Airline Dynamic Pricing

Let’s think critically about the word “dynamic,” meaning constant change. When we think about the concept of airline pricing, we often think about the inherent static nature of the filed fares. Just as the name implies, airlines have filed those price points in advance and those are the only prices available to the market. When you pair those filed fares with advanced purchase restrictions and other fences, it certainly doesn’t make them sound very dynamic.

When PROS released our Real-Time Dynamic Pricing (RTDP) product people asked what we meant by ‘dynamic pricing’. RTDP can be used to change the lowest available class in real-time, based on characteristics of the request like market, point of sale, itinerary, routing, etc. By changing the lowest available class, you would be changing the price that the passenger pays, even when the price is still one of those fixed price points filed by the airline. This is a great starting point for airline dynamic pricing, and the industry has continued to update its thinking on the subject over the years. In this use-case of RTDP, we are working within the constraints of the Reservation Booking Designator (RBD). For airlines that transition to a continuous pricing model, RTDP also operates free of the RBD, enabling truly dynamic pricing regardless of class. We’ll dig into this further below.

To fully realize and understand the concept of airline dynamic pricing, you have to understand its two parts: Continuous Pricing and Personalized or Context-Specific Pricing.

Airline Dynamic Pricing graphic

This diagram illustrates that you can have personalized (context-specific) pricing without continuous pricing, and you can have continuous pricing without personalized (context-specific) pricing. Either of those is dynamic pricing. But the ultimate goal where we are headed is to do the combination of both.
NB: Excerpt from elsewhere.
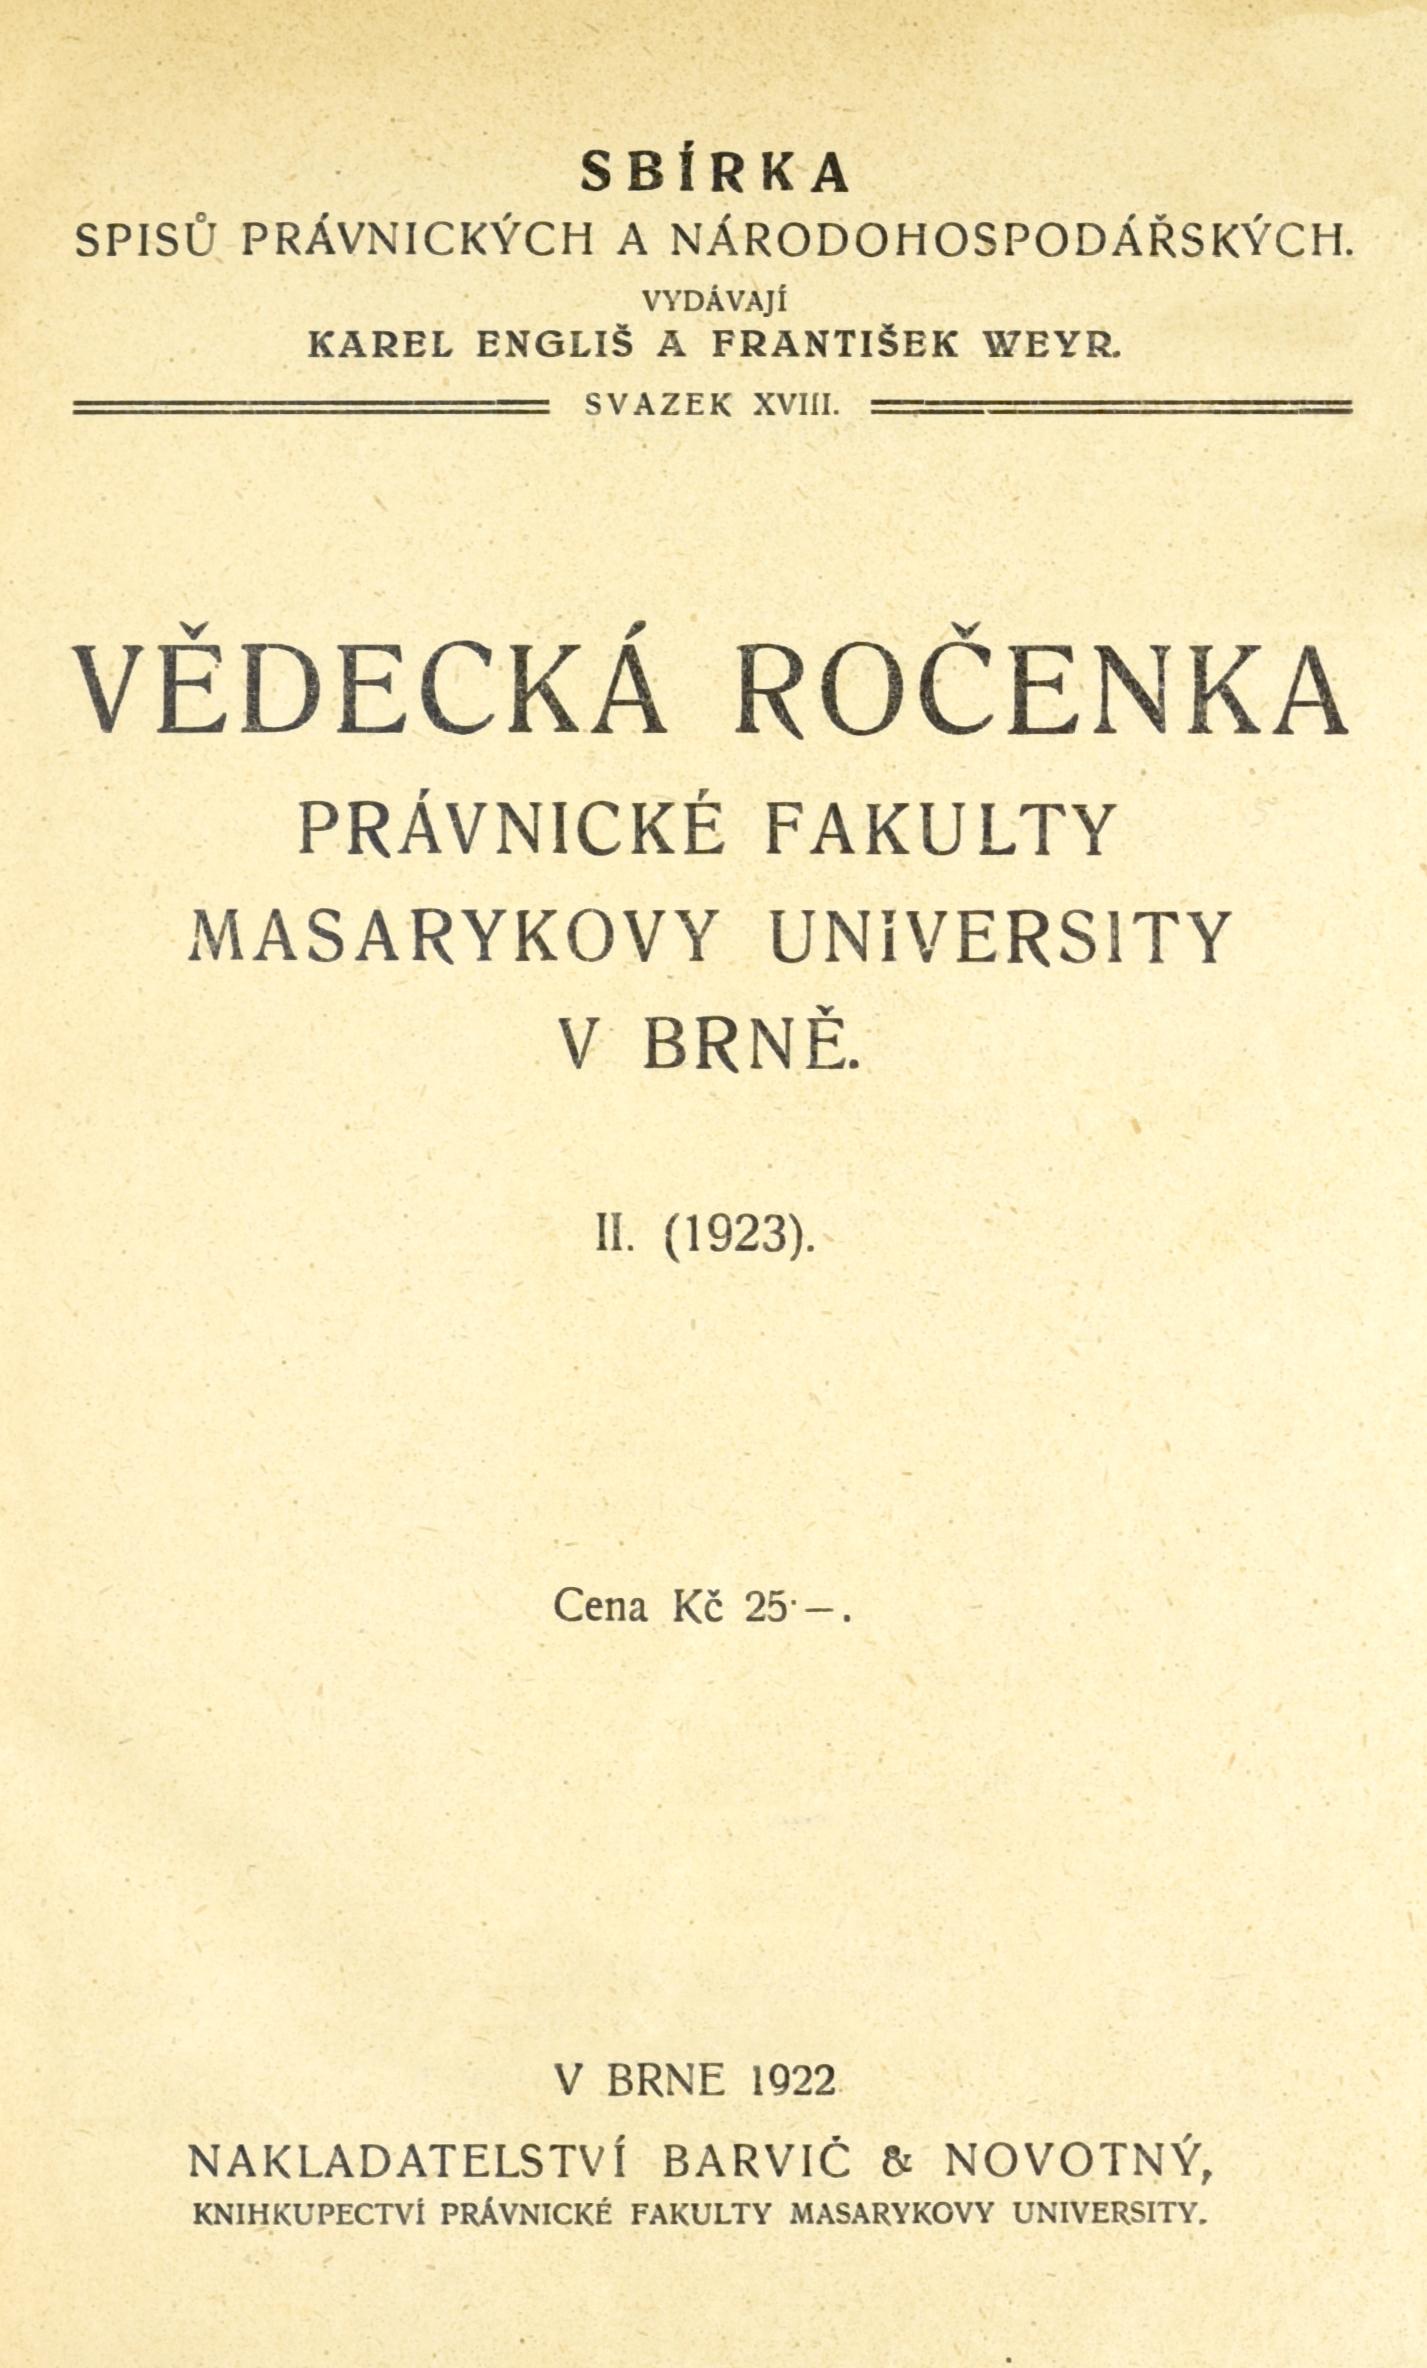 Obálka pro Vědecká ročenka právnické fakulty Masarykovy university v Brně. 2. (1923)
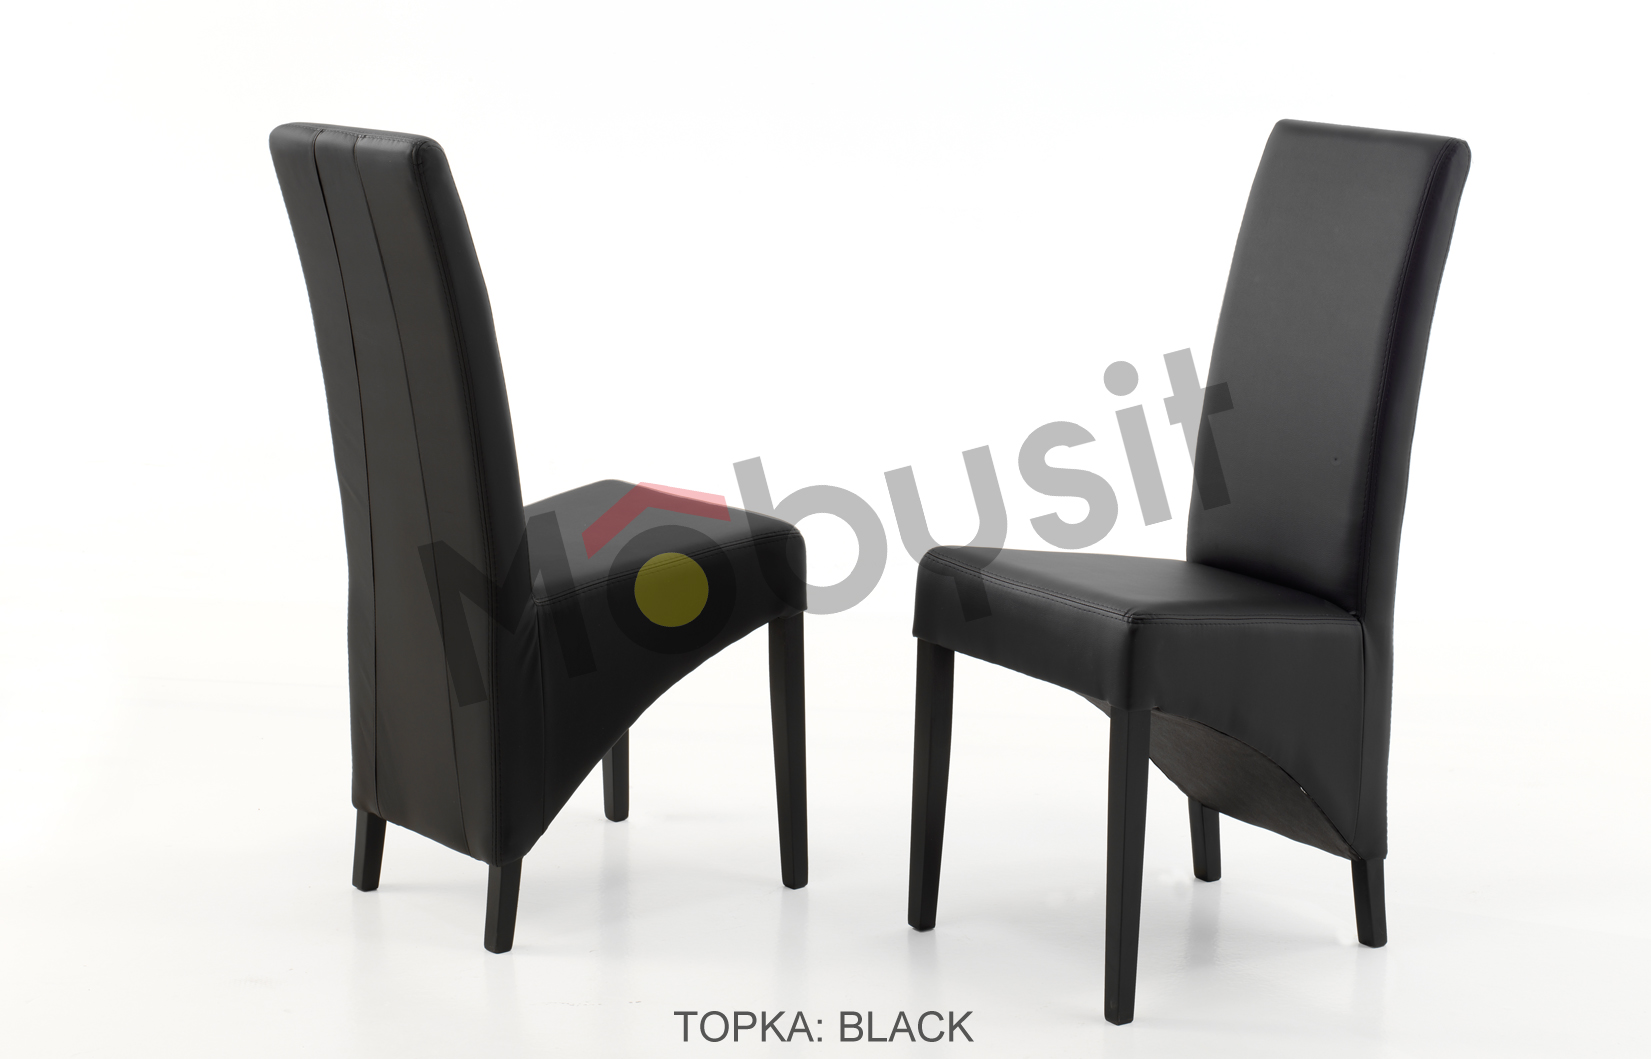 Topka BIG Black

What is Airline Continuous Pricing?

For many people in the airline industry, the conversation around dynamic pricing focuses on the filed fares mentioned above. This group thinks that having filed fares simply leaves money on the table for the airline. Think about a scenario where you have a filed fare at $100 and another at $150. If you offer the $100 fare and the passenger was willing to pay $125, you lose $25 in revenue opportunity. If you offer the $150 fare, the passenger walks away entirely, even though the bid price would tell you that you were willing to take that fare. That’s a loss of $125 in revenue opportunity.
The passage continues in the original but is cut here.